SARS-CoV-2 (CoV2) is the viral agent responsible for the pandemic of the scoronavirus disease 2019 (COVID-19). Vaccines are being deployed all over the world with good efficacy, but there is no approved antiviral treatment to date. This is particularly needed since the emergence of variants and the potential immune escape may prolong pandemic spreading of the infection for much longer than anticipated. Here, we developed a series of small molecules and identified RG10 as a potent antiviral compound against SARS-CoV-2 in cell lines and human airway epithelia (HAE). RG10 localizes to endoplasmic reticulum (ER) membranes, perturbing ER morphology and inducing ER stress.
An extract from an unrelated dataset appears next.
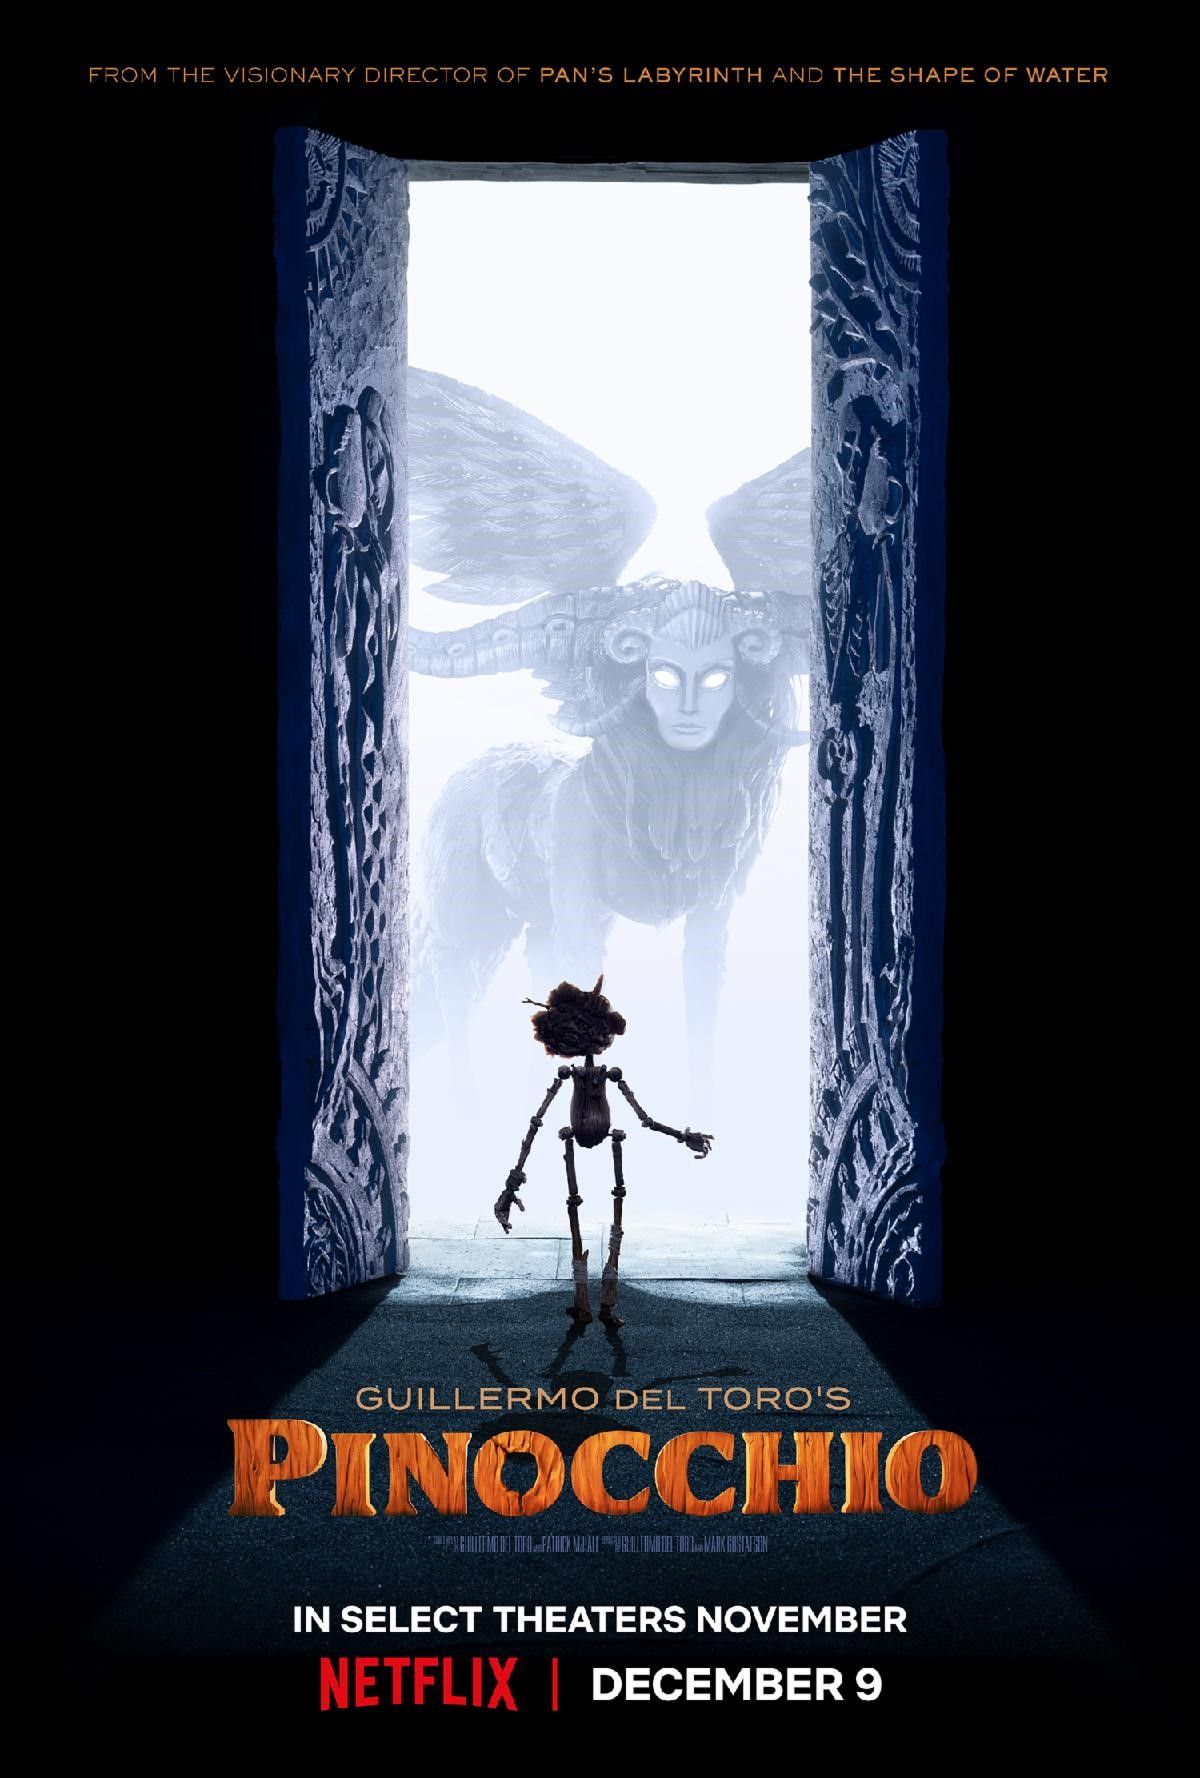 Guillermo del Toros Pinocchio Film Poster

Yet, RG10 does not associate with SARS-CoV-2 replication sites although preventing virus replication. To further investigate the antiviral properties of our compound, we developed fluorescent SARS-CoV-2 viral particles allowing us to track virus arrival to ER membranes. Live cell imaging of replication-competent virus infection revealed that RG10 stalls the intracellular virus-ER dynamics. Finally, we synthesized RG10b, a stable version of RG10, that showed increased potency in vitro and in HAE with a pharmacokinetic half-life greater than 2 h. Together, our work reports on a novel fluorescent virus model and innovative antiviral strategy consisting of the perturbation of ER/virus dynamics, highlighting the promising antiviral properties of RG10 and RG10b.